James McStravick reviews Godblind by Anna Stephens.
The Mireces worship the bloodthirsty Red Gods. Exiled from Rilpor a thousand years ago, and left to suffer a harsh life in the cold mountains, a new Mireces king now plots an invasion of Rilpor’s thriving cities and fertile earth.
Dom Templeson is a Watcher, a civilian warrior guarding Rilpor’s border. He is also the most powerful seer in generations, plagued with visions and prophecies. His people are devoted followers of the god of light and life, but Dom harbors deep secrets, which threaten to be exposed when Rillirin, an escaped Mireces slave, stumbles broken and bleeding into his village.
Meanwhile, more and more of Rilpor’s most powerful figures are turning to the dark rituals and bloody sacrifices of the Red Gods, including the prince, who plots to wrest the throne from his dying father in the heart of the kingdom. Can Rillirin, with her inside knowledge of the Red Gods and her shocking ties to the Mireces King, help Rilpor win the coming war?
Firstly, a big thank you to HarperCollins for sending me an ARC copy of this book for review. Up until a couple of months ago I didn’t know anything about the release of Godblind, but as soon as I read the synopsis for it I knew I would thoroughly enjoy it.
Upon reading the first chapter, I was immensely blown away by the world and characters I was reading about, as Anna Stephens’ writing style and the world she has crafted naturally just draws you in and makes you want to keep reading more and more.
One aspect I found a double-edged sword is the amount of characters you are introduced to throughout the book (13 was my final count), and the final character doesn’t get introduced until approximately the page 130 mark. Due to this I initially found it quite difficult to remember all the characters, but once I started to learn more about them and their own personality quirks/ traits, I quickly came to recognise who I was reading about.
The reason why I said it was a double-edged sword is because even though I found it initially difficult to remember who a character was, I still thoroughly enjoyed reading about them and I don’t think there was a single character that I didn’t like. Anna Stephens’ concept of characterization is truly inspiring and she constantly keeps you invested in what is happening to them and world around them. Out of all of the characters, my favourite would be either Rillirin or Dom. There are an increasingly number of authors whose books involve strong female characters and Godblind is definitely a pure joy to read from a female perspective, as they don’t stick to the traditional trope, and it is for this reason that why Rillirin is one of my favourite characters.
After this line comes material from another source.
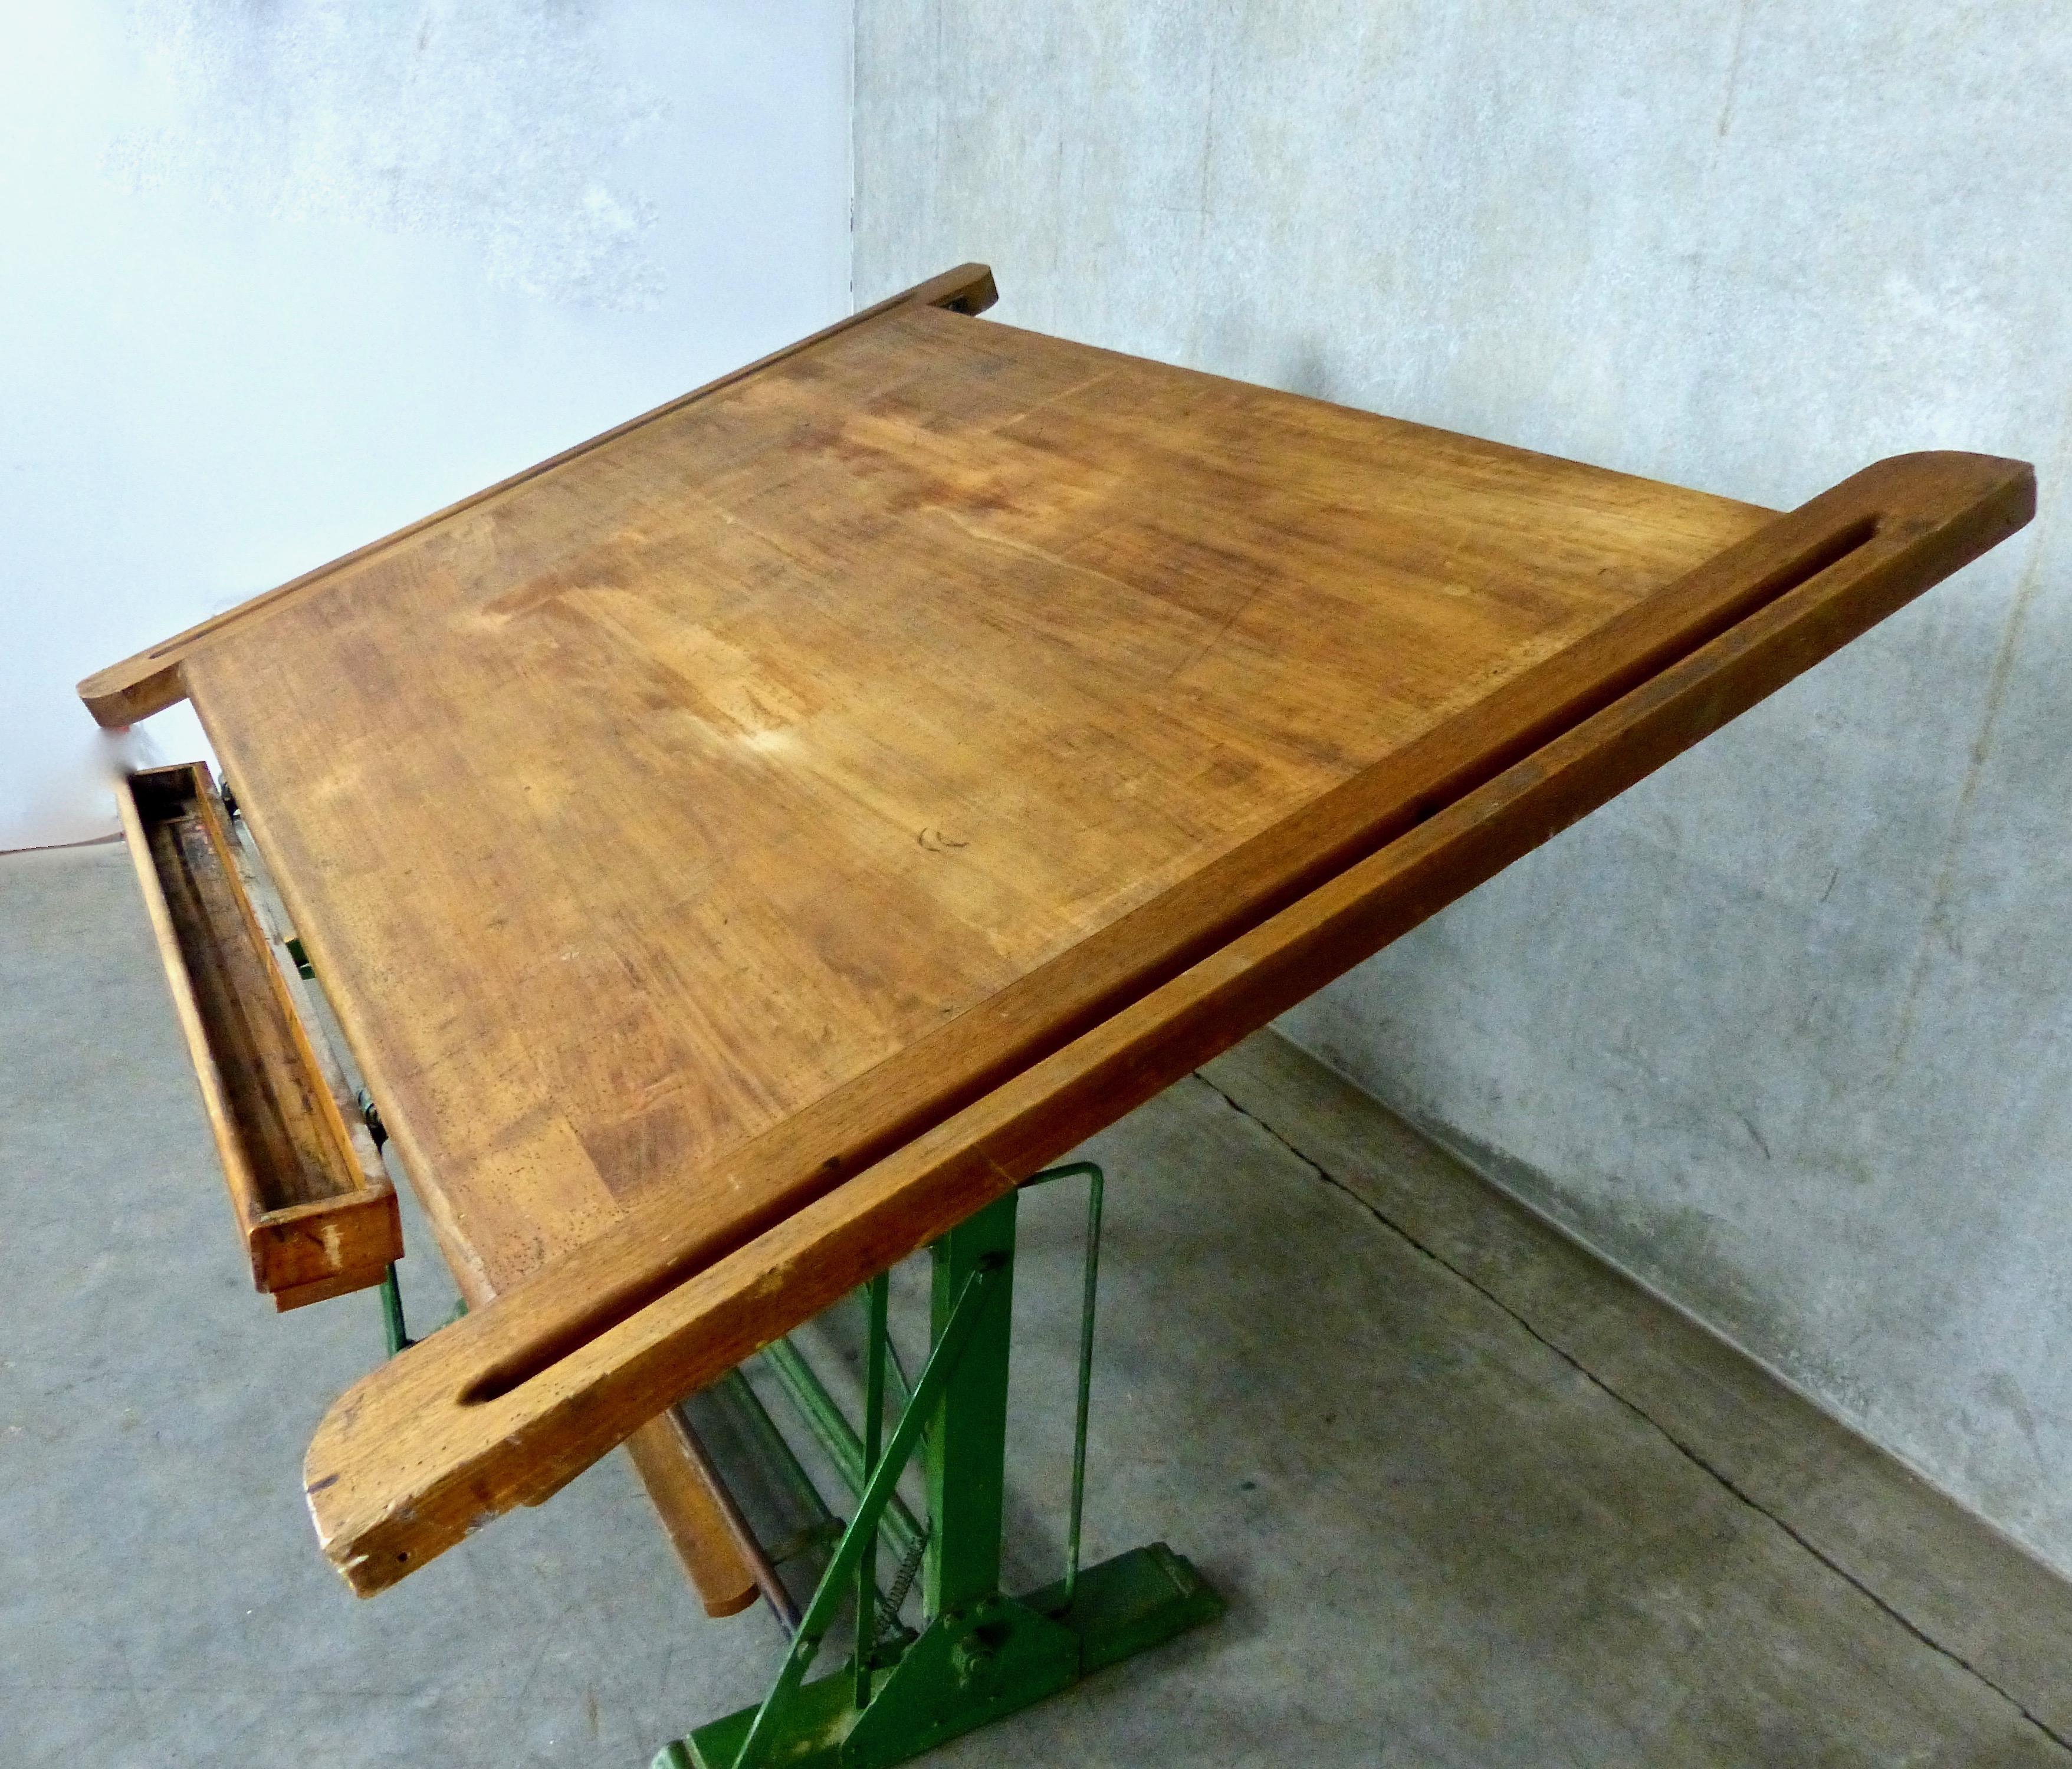 A fully adjustable wooden drafting table with a cast iron base. Made in the 1930s by Kahn Freres of Bruxelles, an office furniture design firm. Beautiful patina on its oak wood top, which also features a separate pencil case in pine. Hard-to-find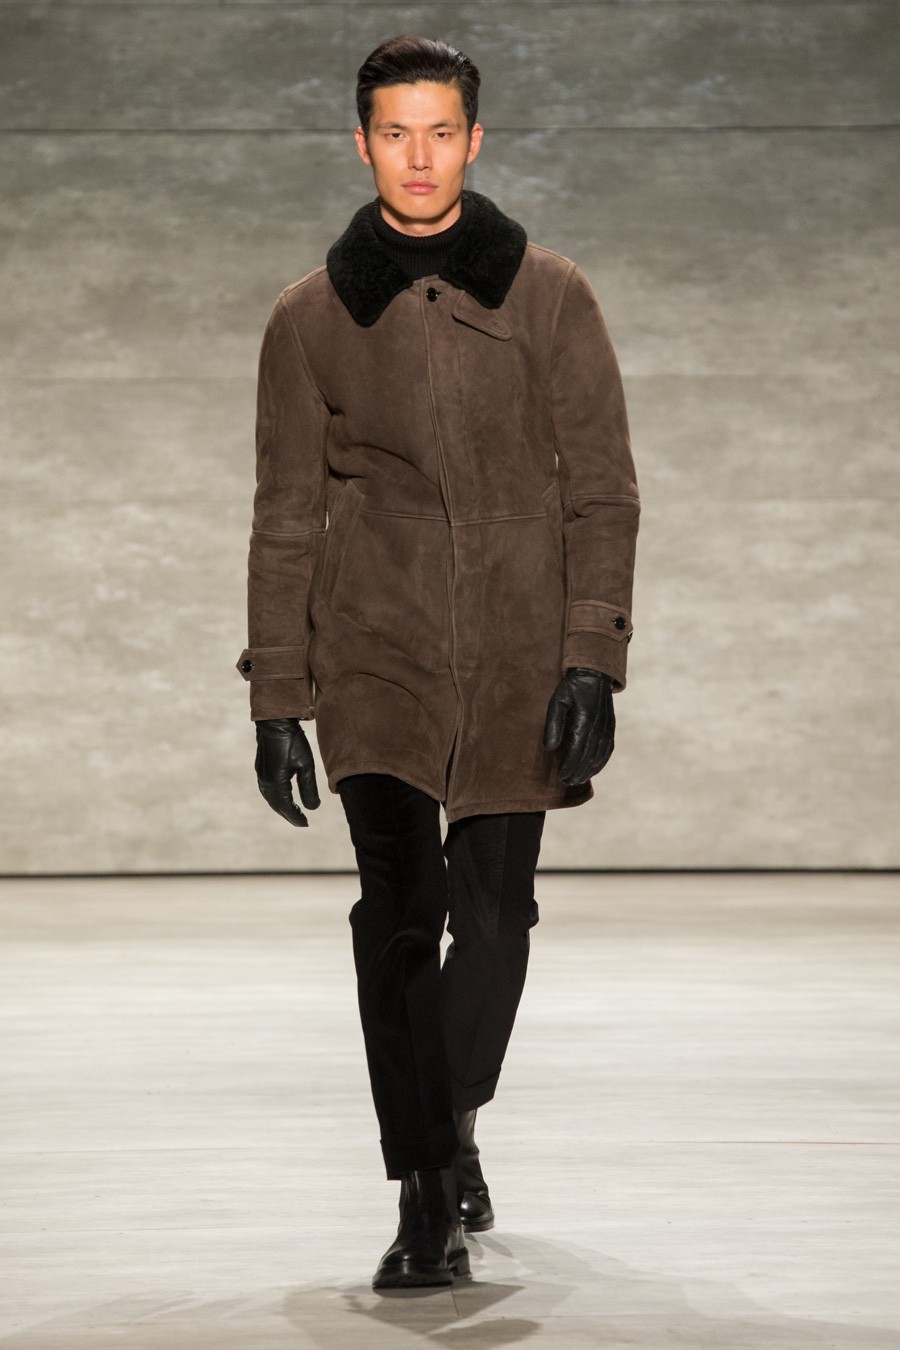 Todd Snyder Fall Winter 2015 Menswear Collection 019

From the first moment you dive into the world of Rilpor you are quickly dropped into a very important scene in the book, and for me I don’t believe there was a single scene that was unnecessary or slow paced. I have read many authors that have a hard time finding that perfect balance between having necessary scenes and keeping a consistent pace throughout the course of the book. This I believe is one this book’s greatest strengths, because you never want to put the book down as you are always wanting to know more. When it comes to a fight scene you are truly gripped, as they written in a very natural and progressive aspect as a real life battle would be. As I mentioned above coming to grips with the amount of characters can be difficult at first but the story and the short chapters make it very easy read the book and get yourself lost in the world.
The interest in grimdark books is consistently climbing and Godblind fits perfectly within that genre and all the great authors. It is a true joy to read and Anna Stephens is truly a fantastic writer and one to watch. If you are looking for a new grimdark or even a new fantasy book to read then I would highly recommend that you read Godblind as it is a fantastic book that will not let you go from the moment you read that first chapter.